Harvey Cox memberikan istilah sekulerisme sebagai pembebasan manusia dari agama
dan pengawasan metafisik, menjadi pengalihan perhatian kepada yang ada "di
sini dan kini", sebagai konsekuensi logis dari dampak keyakinan yang
bersumber dari teologi kristen terhadap sejarah.
Perguruan
Tinggi Islam yang mengajarkan jurnalistik harus mengubah cara pandang pemisahan
agama dalam jurnalisme. Dalam sejarahnya, gerakan sekulerisme selalu mendapat
penolakan di negara-negara muslim. Bahkan, di Turki saat ini, secara
perlahan-lahan politik Islam mulai bergeliat melawan dominasi paham sekuler.
Kajian yang dilakukan Mark Juergensmeyer (1993) menunjukkan, negara-negara
dengan penduduk mayoritas muslim belum merasakan hakikat kemerdekaan dari
kolonialisme barat, jika negaramereka belum menerapkan Syariat Islam.

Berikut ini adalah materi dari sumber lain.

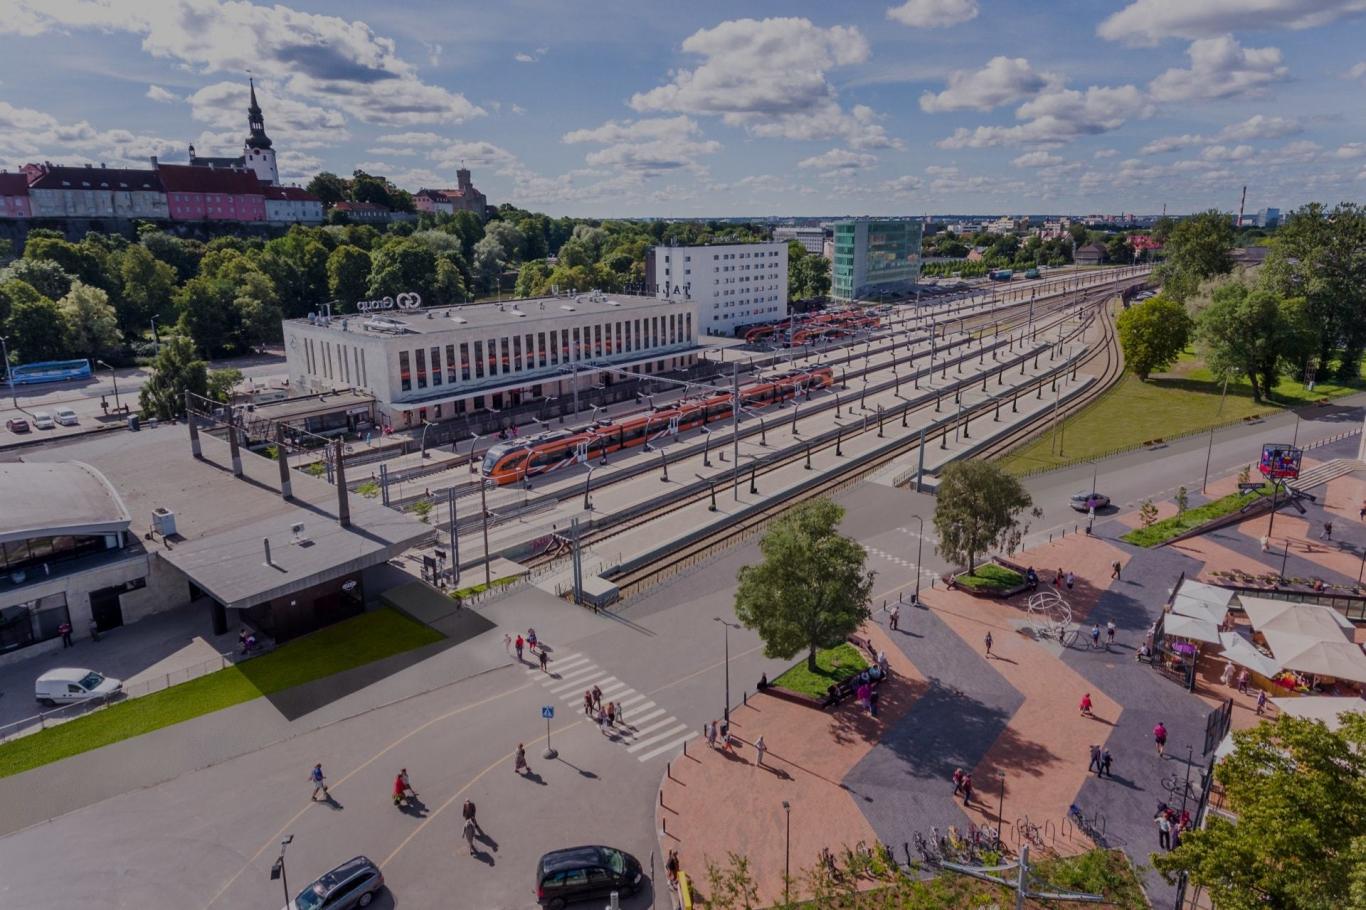 Eesti Raudtee kuulutas välja ehitushanke Laagrisse ooteplatvormi ning jalgratta- ja jalakäijate tunneli rajamiseks. Tunneli ja platvormi rajamine on üks osa suu

Jurnalistik dengan Islamic Worldview
Islam
memiliki catatan yang panjang dalam kegiatan jurnalistik. Para ulama Islam
menulis ratusan kitab yang di dalamnya sarat dengan informasi, peristiwa dan
cara pandang. Ali bin Abi Thalib bahkan menggambarkan "tulisan adalah
tamannya para ulama". Imam al Ghazali adalah jurnalis ketika menceritakan
ulama di zamannya dalam Ihya Ulumuddin. At-Thabari adalah jurnalis ketika dia
merekam peristiwa sejak Nabi Adam sampai peristiwa di zamannya dalam tarikh al
Umam wa al Muluk. Ibnu Abdi Rabbin juga jurnalis, ketika dia menuturkan
peristiwa-peristiwa sosiokultural dunia Islam klasik dalam 25 kitab yang
diberinya nama Al-Iqd al Farid. Dalam permulaan bukunya, dia bahkan mengutip
ucapan Plato: "Pikiran manusia terekam di ujung pena mereka".
Para
ulama Islam itu merupakan jurnalis-jurnalis andal di zamannya. Mereka jujur dan
dapat dipercaya menyampaikan informasi secara obyektif. Mereka telah berjasa
bukan saja sebagai perekam peristiwa atau pengawal peradaban Islam, melainkan
juga tonggak-tonggak sejarah perkembangan Islam. Kitab-kitab yang mereka tulis
menjadi media yang kemudian bisa dipelajari oleh generasi saat ini. Satu hal
paling penting yang dapat diambil hikmahnya adalah, menjadi jurnalis yang
obyektif tidak perlu menanggalkan kebenaran agama yang dianut.
Para
ulama di atas mampu membuktikan, jurnalis dengan cara pandang yang dibalut
dengan Islamic Worldview, tidak akan menghilangkan obyektivitas. Kebenaran
dalam Islam yang sudah dibakukan dalam kitab suci, tidak menghilangkan
obyektivitas jurnalis dalam melihat realita kehidupan. Lebih dari itu, jurnalis
muslim hendaknya sanggup menjadi jurnalis profetik. Artinya, dia mampu menjadi
pembawa amanat kenabian dan risalah agama, serta mampu melakukan amar ma'ruf
dan nahi mungkar.
Dalam
konteks saat ini, Jurnalistik dengan Islamic Worldview bisa menjadi kajian
untuk menghadang dominasi negara maju di bidang komunikasi massa. Meminjam
istilah ilmuwan sosial, Johan Galtung, adanya dominasi negara maju atas negara
berkembang di bidang komunikasi massa. Imperialisme di bidang komunikasi massa
ini kemudian merasuk dalam ilmu-ilmu jurnalistik. Mengapa disebut imperialisme
komunikasi? Karena pada kenyataannya, hubungan negara maju dengan negara
berkembang menciptakan arus informasi yang mengalir bersifat feodalistik dan
deterministik.
Negara-negara
barat menjadi jendela informasi secara sepihak terhadap negara-negara muslim.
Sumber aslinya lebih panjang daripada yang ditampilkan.